Eisch, a premium wine glass maker, lost a lawsuit in German court because German judges don't have good palates.
I know -- I taste-tested the product in question, and despite what the German court says, it is different.
Here's the background.
Eisch, a small family-owned German company, makes a glass it calls "breathable," which it claims aerates wine in two to four minutes. Riedel, the Austrian glass giant that recently swallowed Spiegelau, sued, saying that Eisch's claims were false advertising.
Eisch lost the case in January, but the news just surfaced this week. I suppose Eisch had no interest in publicizing its loss and Riedel didn't want to trumpet its win, because to do so would have meant giving publicity to its much smaller rival.
According to Tim Teichgraeber, the court found that the flavors of wine in the Eisch breathable glass did not differ from an ordinary glass, "neither in a food chemistry analysis nor in a gustation (tasting) test carried out by experienced wine tasters."
I'd like to know which tasters the court called on. Michael Franz, my editor at Wine Review Online, and I did blind taste tests of Eisch's breathable glass last year, and we both found that wine, sake, Cognac and coffee all tasted considerably different than when served in comparably shaped non-breathable glass.
Michael wrote a column on the test. I did not because my results differed from his in an important way. Michael nearly always preferred the breathable glass. I always found the tastes to be different, usually significantly, but nearly half the time I preferred the non-breathable glass. I chalk that up to palate preference. Michael is in Baltimore (go Orioles!), but I live in California. Perhaps I like my wines fresher and less aerated (even though I wrote this on the topic last year.)
In any case, Michael and I walked away from the test in disagreement about what tasted best, but in complete agreement that the Eisch breathable glass made a difference. So I'd like to know which tasters the German court called on.
In fairness, Eisch hurt its case by refusing to release any details of what exactly makes its glass "breathable." Company president Eberhard Eisch claimed he was in a tough spot: if he released his technology to appease the court, Riedel could easily copy it. Eisch said that was the reason he hadn't applied for a patent. It's plausible, but not an argument a court is likely to sympathize with.
Eisch won't have to pay damages, but will have to pay Riedel's court costs -- which could be substantial -- and stop advertising the "breathable glass." Perhaps at this point Eisch will come forward with a technical explanation. Or maybe they'll drop the whole thing.
In the meantime, if you find an Eisch glass with a little Nike-like swoosh beneath the company's name, that used to mean "breathable." Now it just means swoosh.

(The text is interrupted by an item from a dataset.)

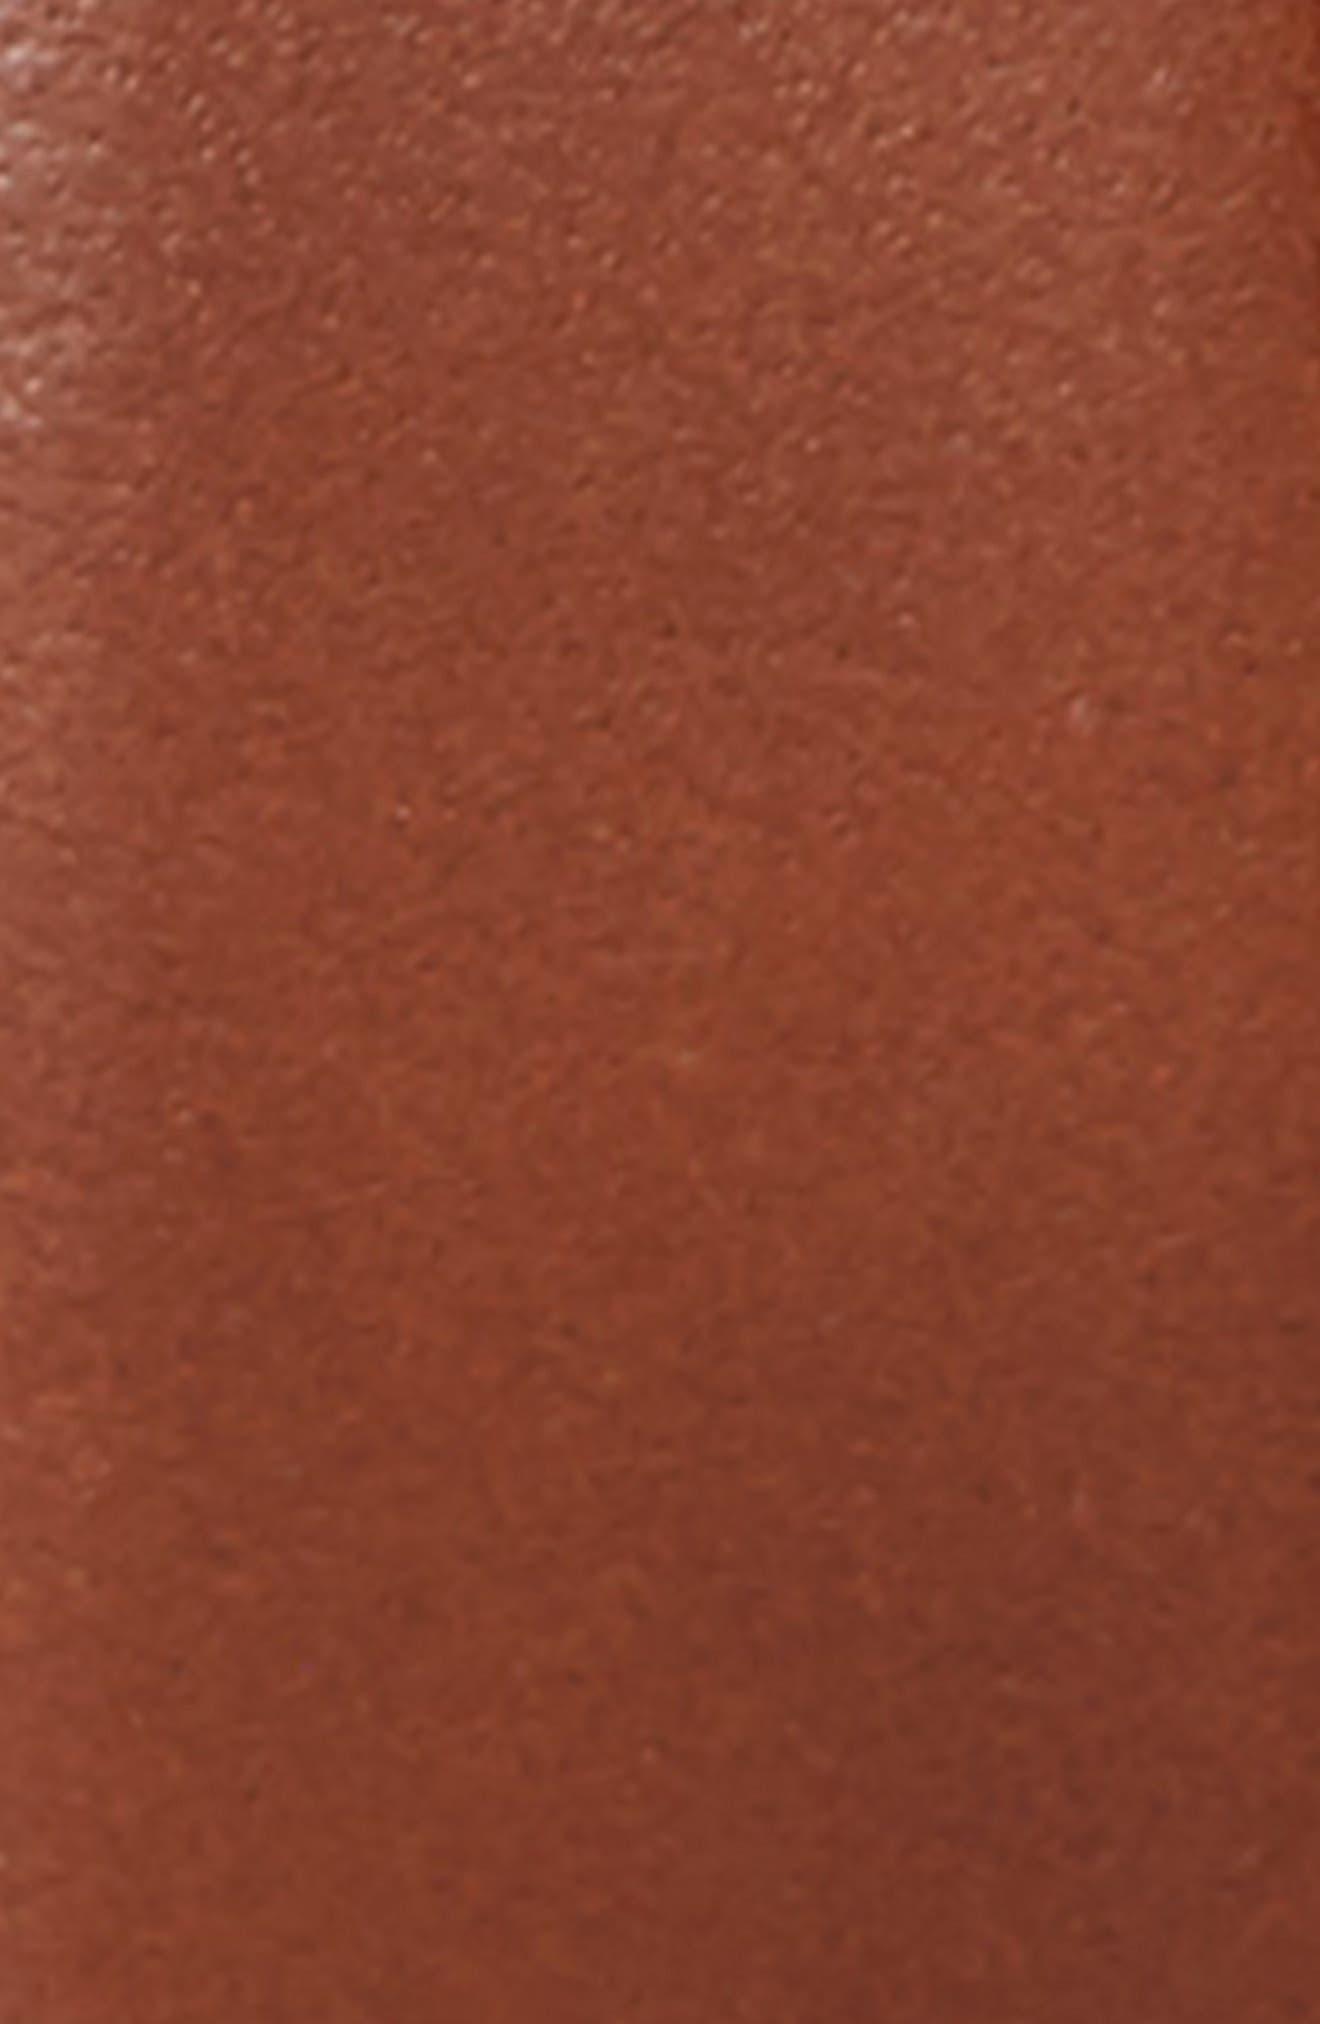 Reversible Leather Belt,                             Alternate thumbnail 3, color,                             COGNAC BLACK
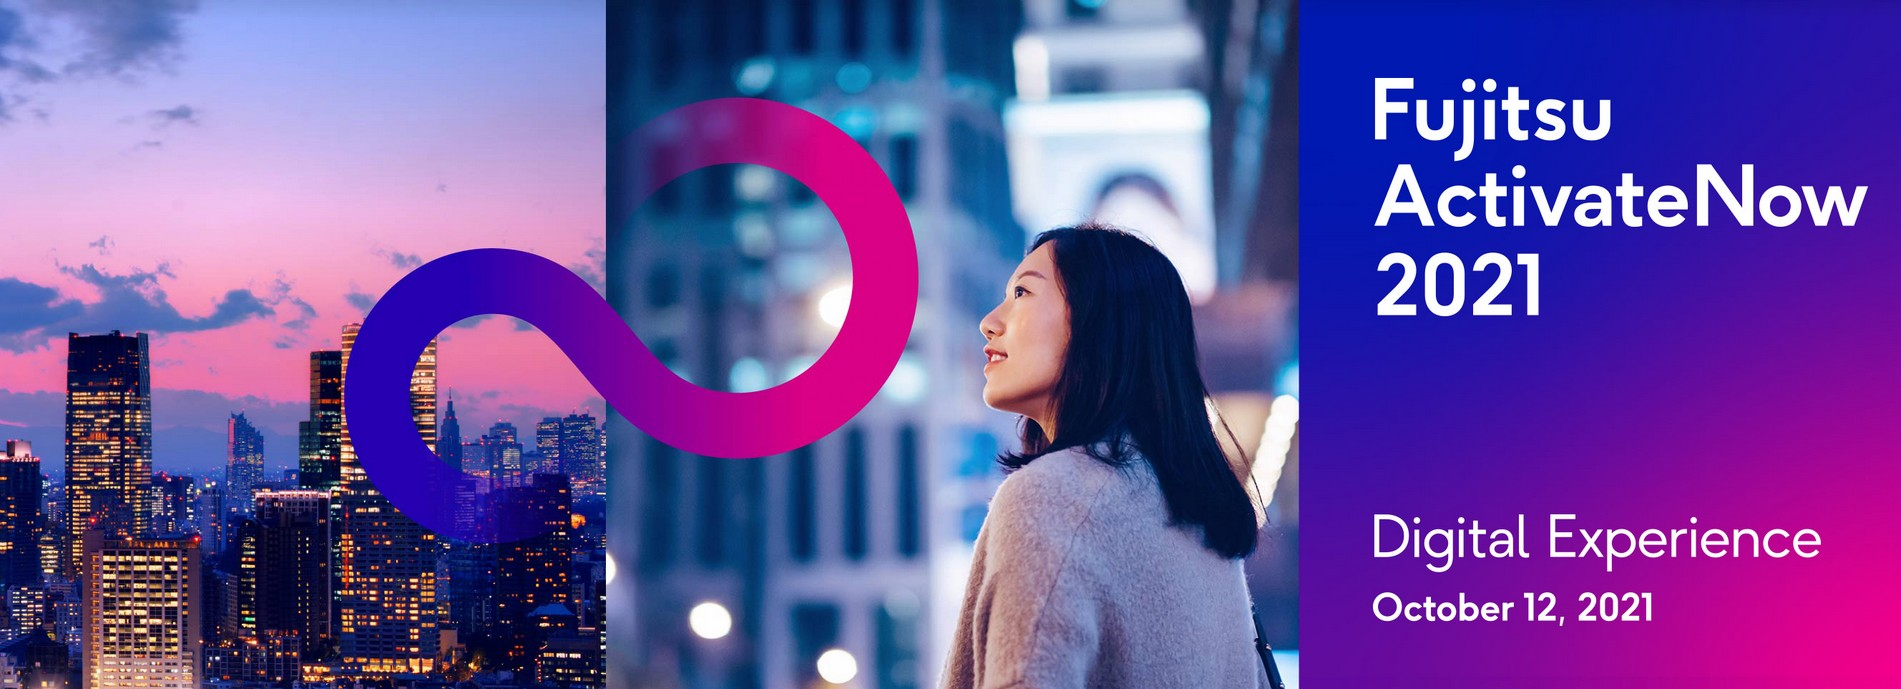 ฟูจิตสึเตรียมเผยวิสัยทัศน์ระดับโลกเพื่ออนาคตที่ยั่งยืนผ่านนวัตกรรมดิจิทัลที่งาน Fujitsu ActivateNow 2021

Thanks Gray for a fairly written blog post. As you know, my PR agency represents Eisch in the U.S.
ReplyDeleteThe fact is that Eisch agreed to change the terminology they use to describe the benefits provided by their glasses, which they have renamed Sensis-plus. In the legal and technical milieu of the German Courts, they could not prove that this glass does, in technical fact, breathe.
Eisch has not disclosed the proprietary technology used to produce these glasses to German courts, their competitors, or anyone else for that matter. It was developed internally and is not for sale.